Segment Open

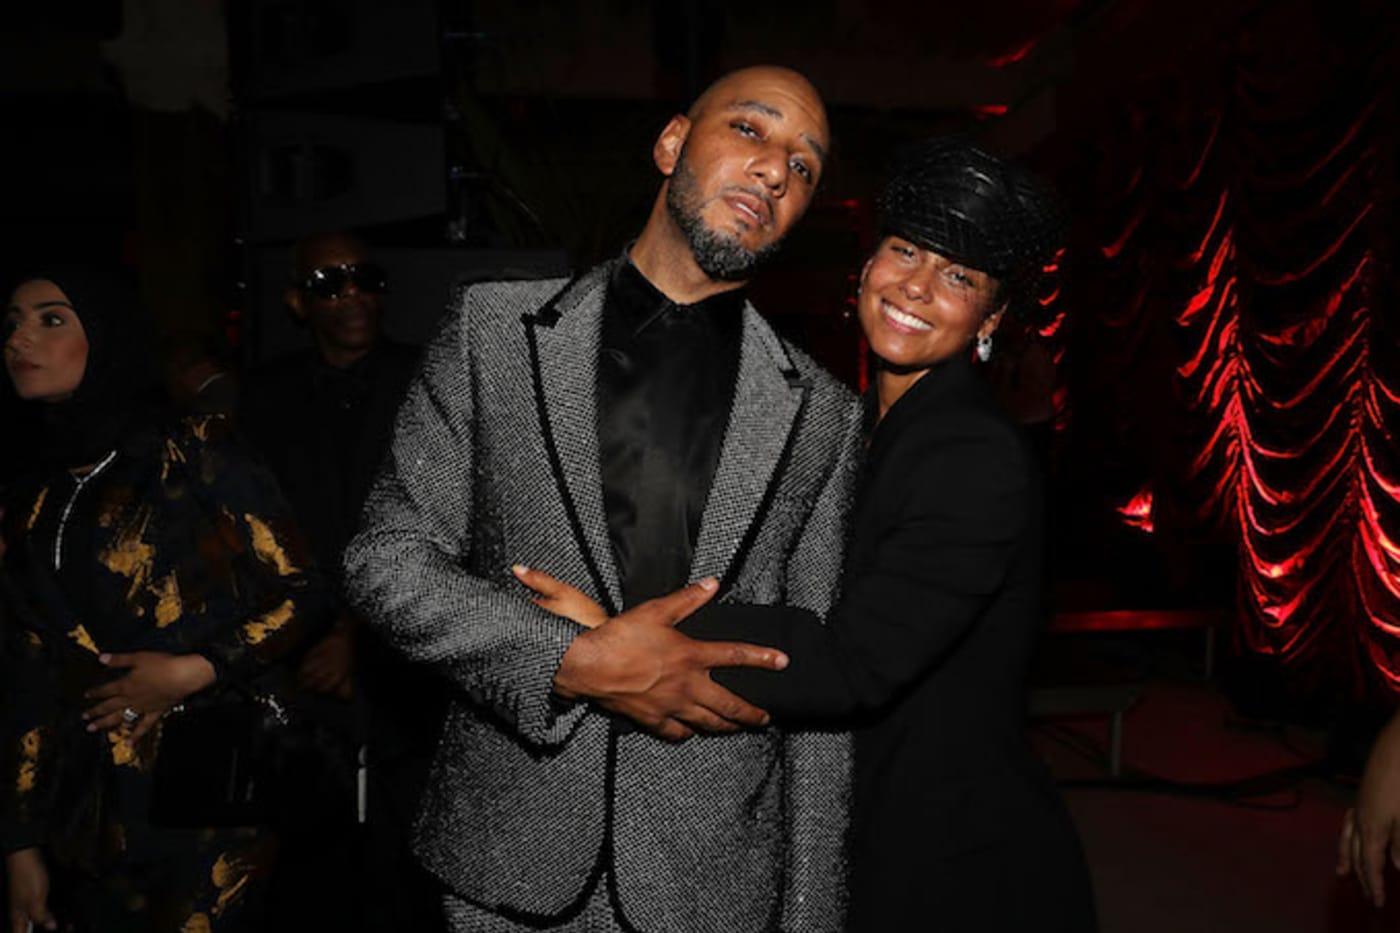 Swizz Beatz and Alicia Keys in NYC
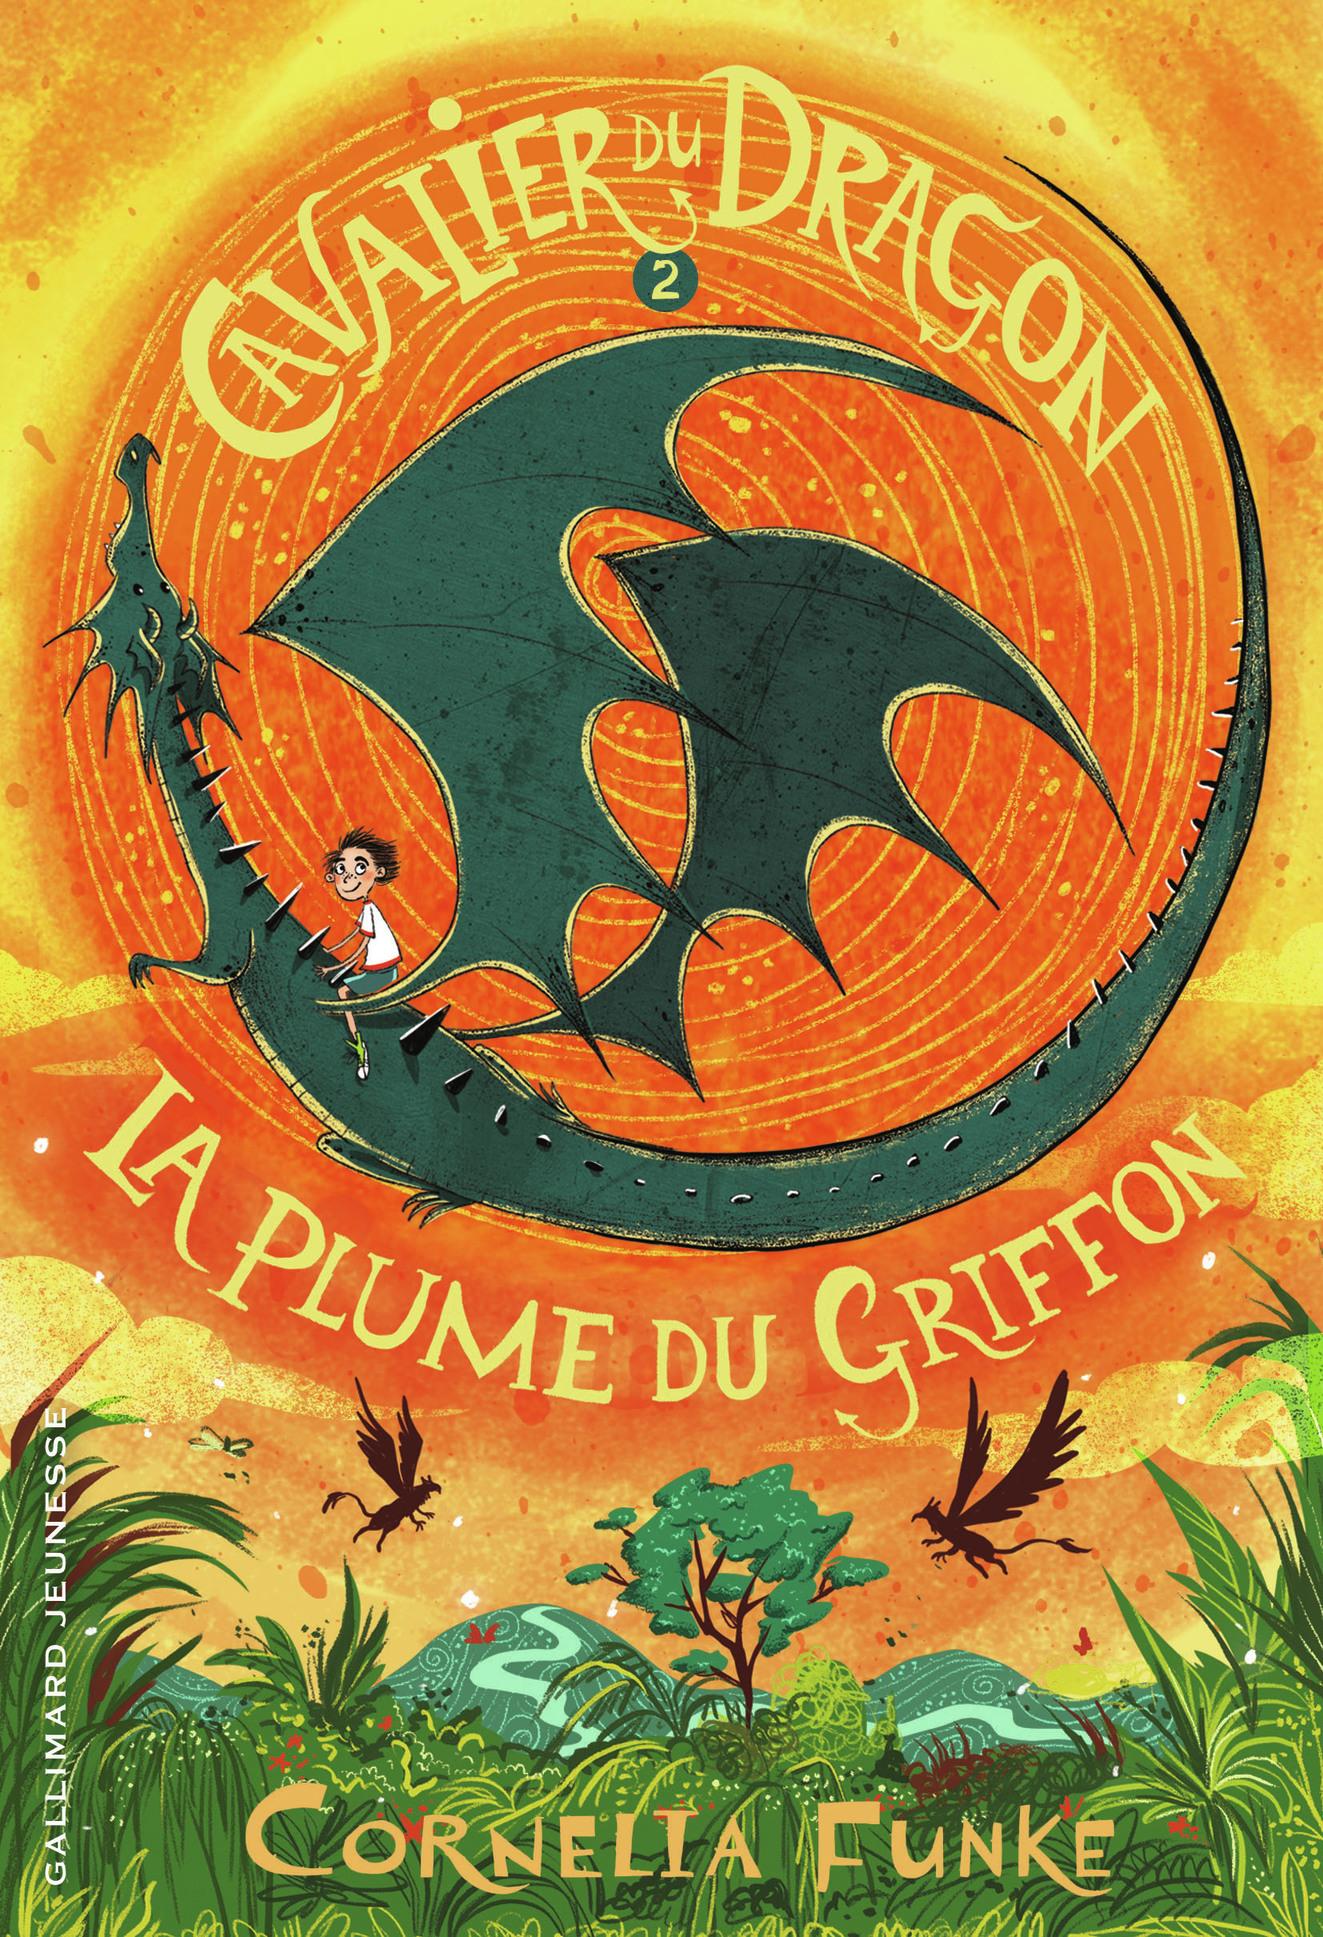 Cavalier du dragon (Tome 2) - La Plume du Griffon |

Segment Closed
Segment Open

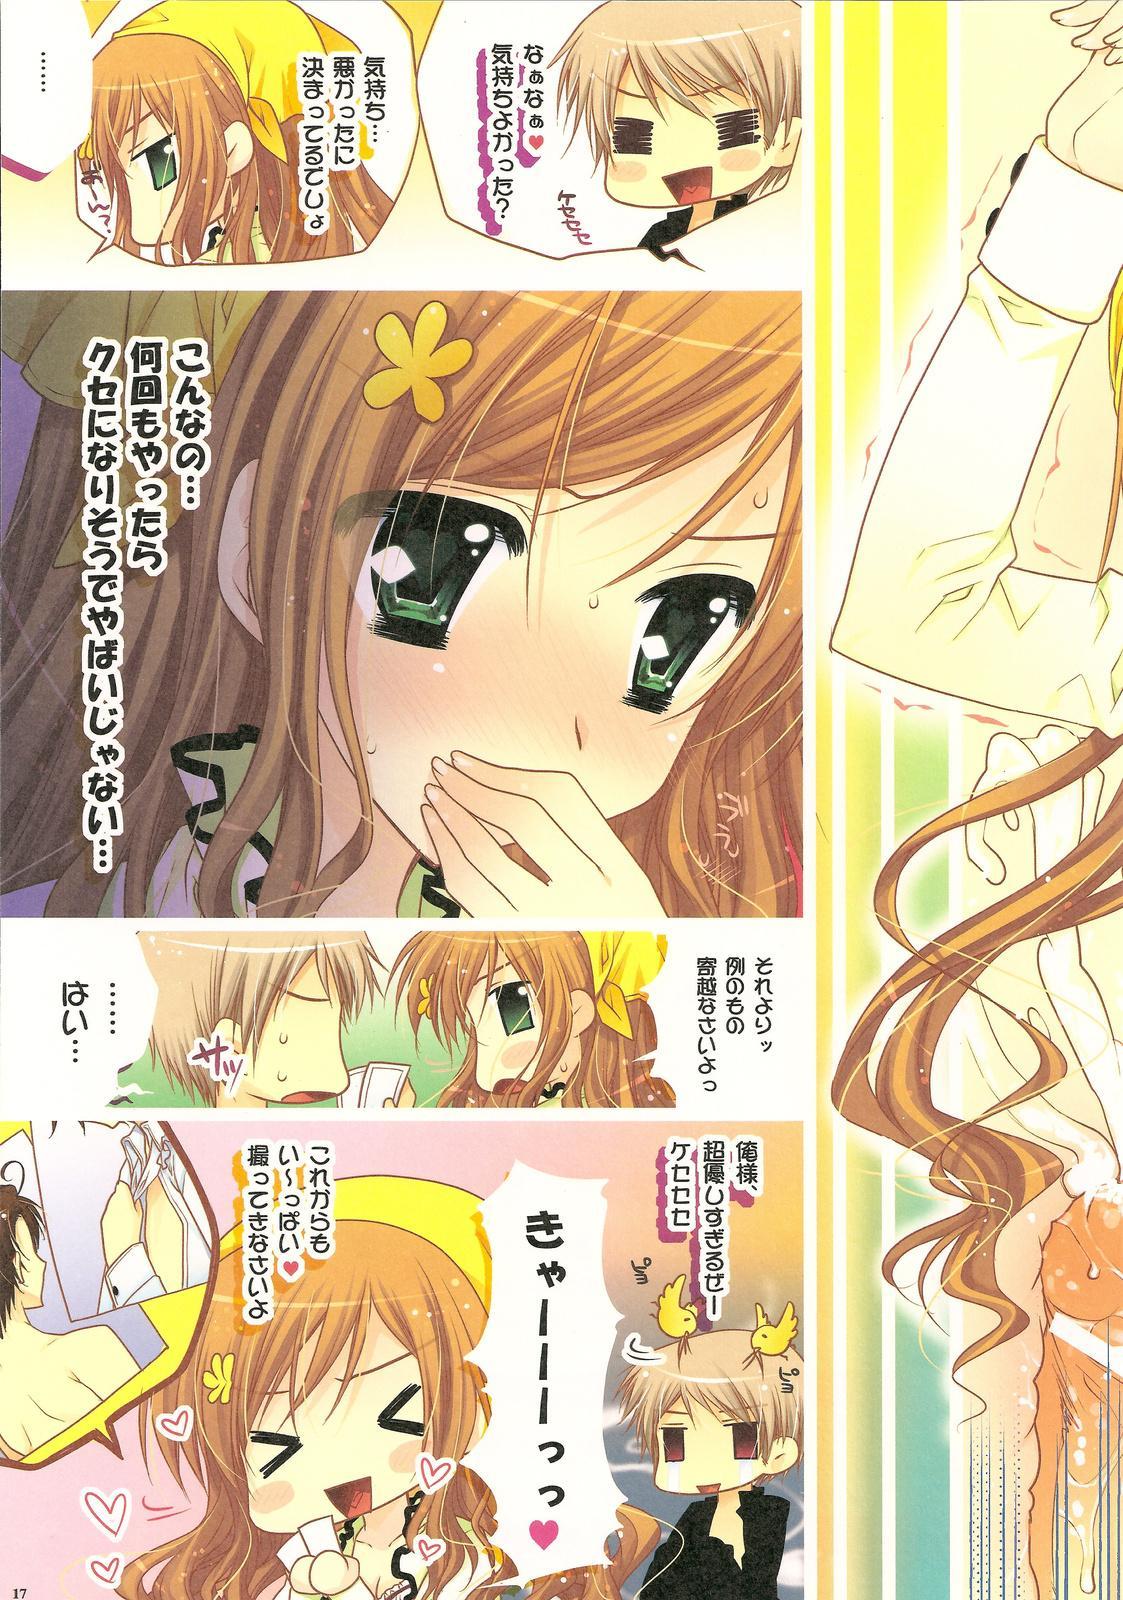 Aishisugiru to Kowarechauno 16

Segment Closed

> [TASK PROMPT]:
Output exactly the lines above, beginning at the one with "Swizz Beatz and Alicia Keys in NYC" and stopping after the one with "Cavalier du dragon". Pictures are to be omitted.

> [OUTPUT OF THE EXERCISE]:
 Swizz Beatz and Alicia Keys in NYC
 Cavalier du dragon (Tome 2) - La Plume du Griffon |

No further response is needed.